DiffuScene: Scene Graph Denoising Diffusion Probabilistic Model for Generative Indoor Scene Synthesis
AI-generated Key Points
- Traditional methods in indoor 3D scene synthesis rely on optimization techniques with predefined constraints based on room design rules, object category distributions, and human-object interactions.
- Recent advancements in deep generative models show promise in learning scene priors from large-scale datasets.
- GAN-based methods are used for implicit fitting of scene distributions through adversarial training, while VAE-based methods explicitly approximate scene distributions for better generative diversity.
- Auto-regressive models have been explored to predict objects sequentially but may struggle to capture relative attributes between objects and accumulate prediction errors over time.
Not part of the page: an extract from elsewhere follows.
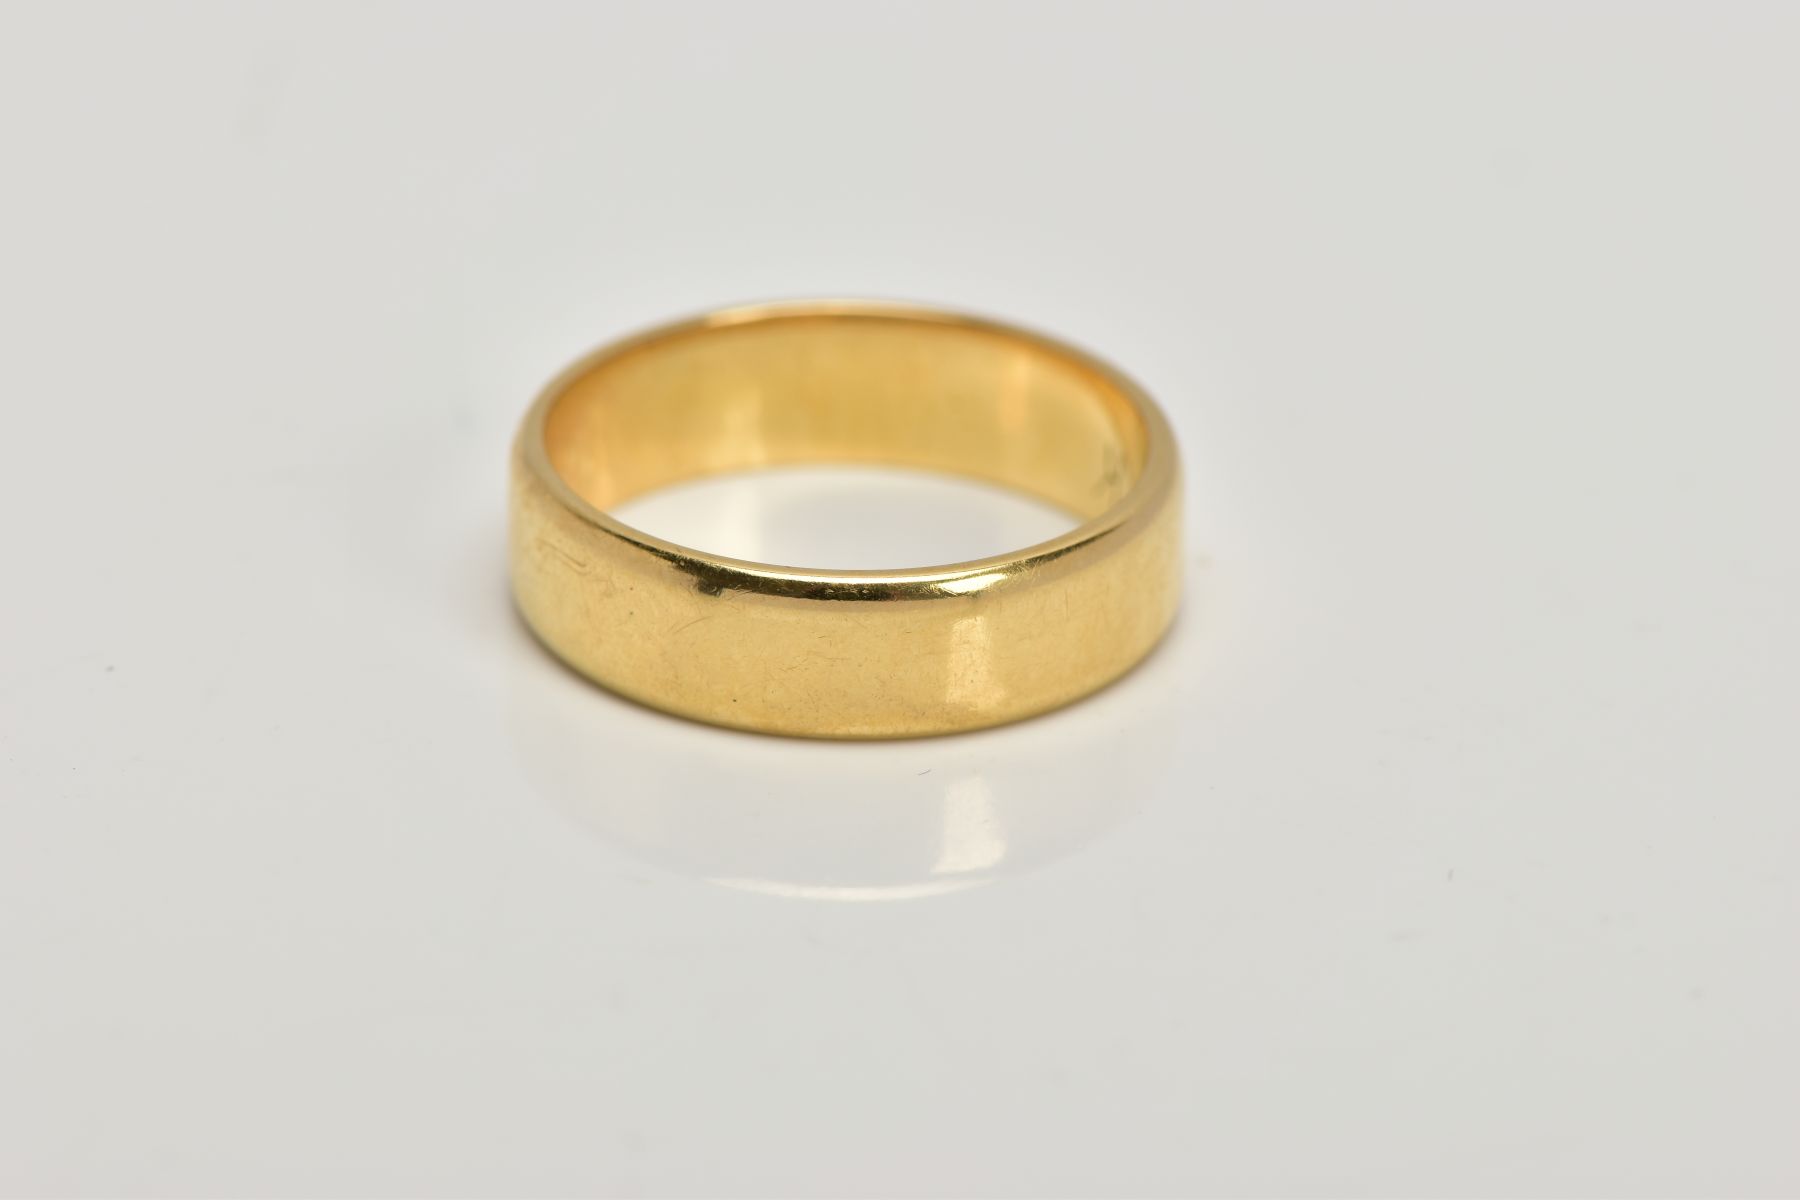 AN 18CT GOLD WIDE WEDDING BAND, plain polished design, approximate width 4.9mm, hallmarked 18ct gold - Image 2 of 2

- The introduced novel scene graph denoising diffusion probabilistic model generates 3D instance properties stored in a fully-connected scene graph and retrieves similar object geometries based on various attributes such as location, size, orientation, semantic information, and geometry features.
- By utilizing a diffusion model to determine placements and types of 3D instances, the model enables diverse applications including scene completion, arrangement, and text-conditioned synthesis.
- Experimental results on the 3D-FRONT dataset demonstrate that the model outperforms state-of-the-art methods by synthesizing more physically plausible and diverse indoor scenes.
- Extensive ablation studies further validate the effectiveness of the design choices made in the development of the scene diffusion model.
Authors: Jiapeng Tang, Yinyu Nie, Lev Markhasin, Angela Dai, Justus Thies, Matthias Nießner
Abstract: We present DiffuScene for indoor 3D scene synthesis based on a novel scene graph denoising diffusion probabilistic model, which generates 3D instance properties stored in a fully-connected scene graph and then retrieves the most similar object geometry for each graph node i.e. object instance which is characterized as a concatenation of different attributes, including location, size, orientation, semantic, and geometry features. Based on this scene graph, we designed a diffusion model to determine the placements and types of 3D instances. Our method can facilitate many downstream applications, including scene completion, scene arrangement, and text-conditioned scene synthesis. Experiments on the 3D-FRONT dataset show that our method can synthesize more physically plausible and diverse indoor scenes than state-of-the-art methods. Extensive ablation studies verify the effectiveness of our design choice in scene diffusion models.
Ask questions about this paper to our AI assistant
You can also chat with multiple papers at once here.
Assess the quality of the AI-generated content by voting
Score: 0
Why do we need votes?
Votes are used to determine whether we need to re-run our summarizing tools. If the count reaches -10, our tools can be restarted.
Similar papers summarized with our AI tools
Navigate through even more similar papers through a
tree representationLook for similar papers (in beta version)
By clicking on the button above, our algorithm will scan all papers in our database to find the closest based on the contents of the full papers and not just on metadata. Please note that it only works for papers that we have generated summaries for and you can rerun it from time to time to get a more accurate result while our database grows.
Disclaimer: The AI-based summarization tool and virtual assistant provided on this website may not always provide accurate and complete summaries or responses. We encourage you to carefully review and evaluate the generated content to ensure its quality and relevance to your needs.